• [Supplied information]:
....

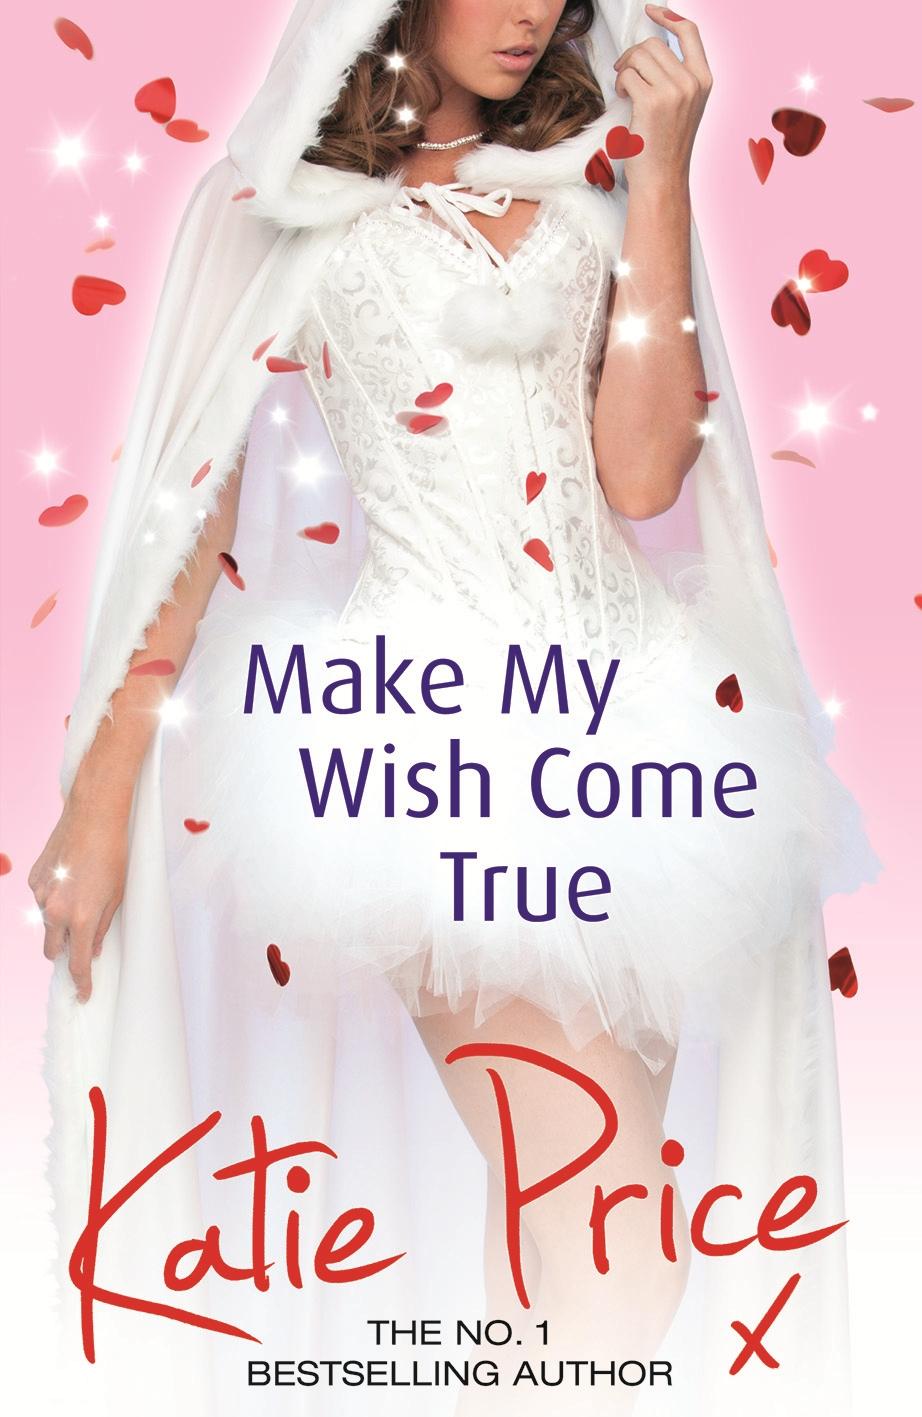 Make My Wish Come True by Katie Price - Penguin Books New
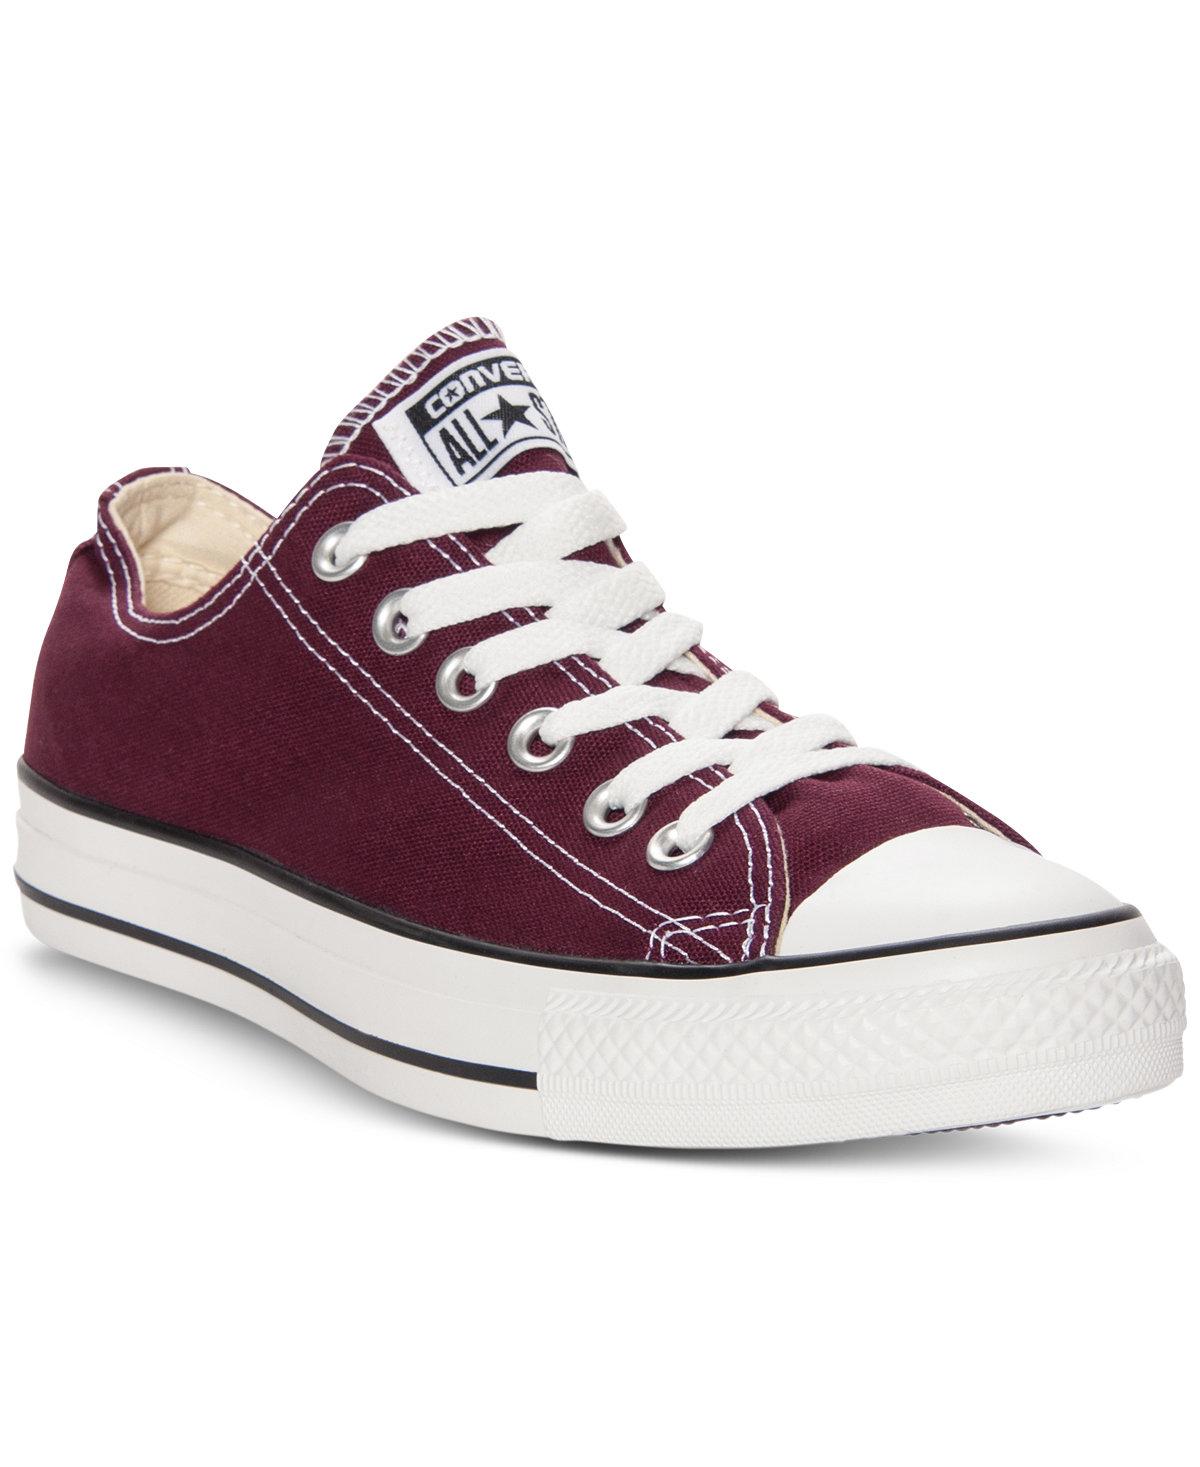 Converse Men's Chuck Taylor Ox Casual Sneakers - $39.98
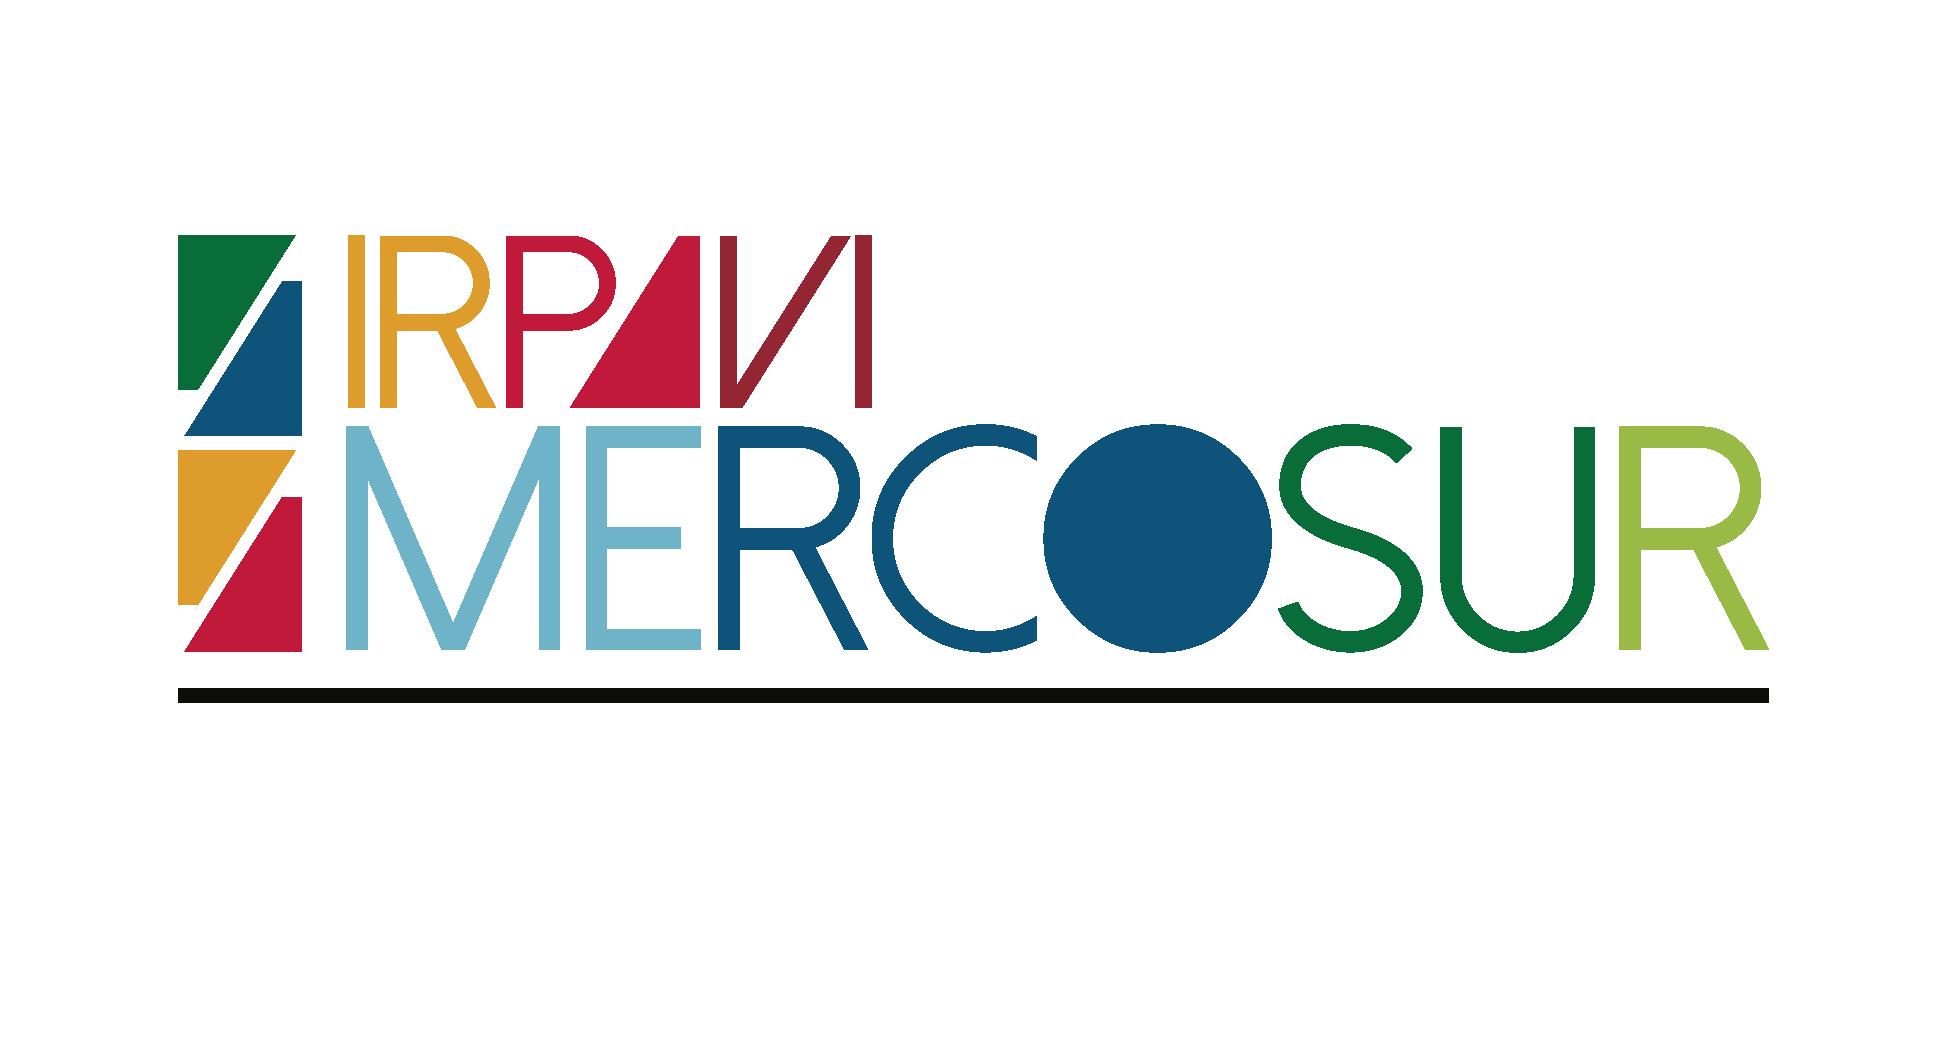 Mercosur Irpavi

....

• [Task item]: Leaving every picture out, please copy exactly the lines from the one holding "Converse Men's Chuck" through the last line of the listing, both ends included.

• [Response to the exercise]:
 Converse Men's Chuck Taylor Ox Casual Sneakers - $39.98
 Mercosur Irpavi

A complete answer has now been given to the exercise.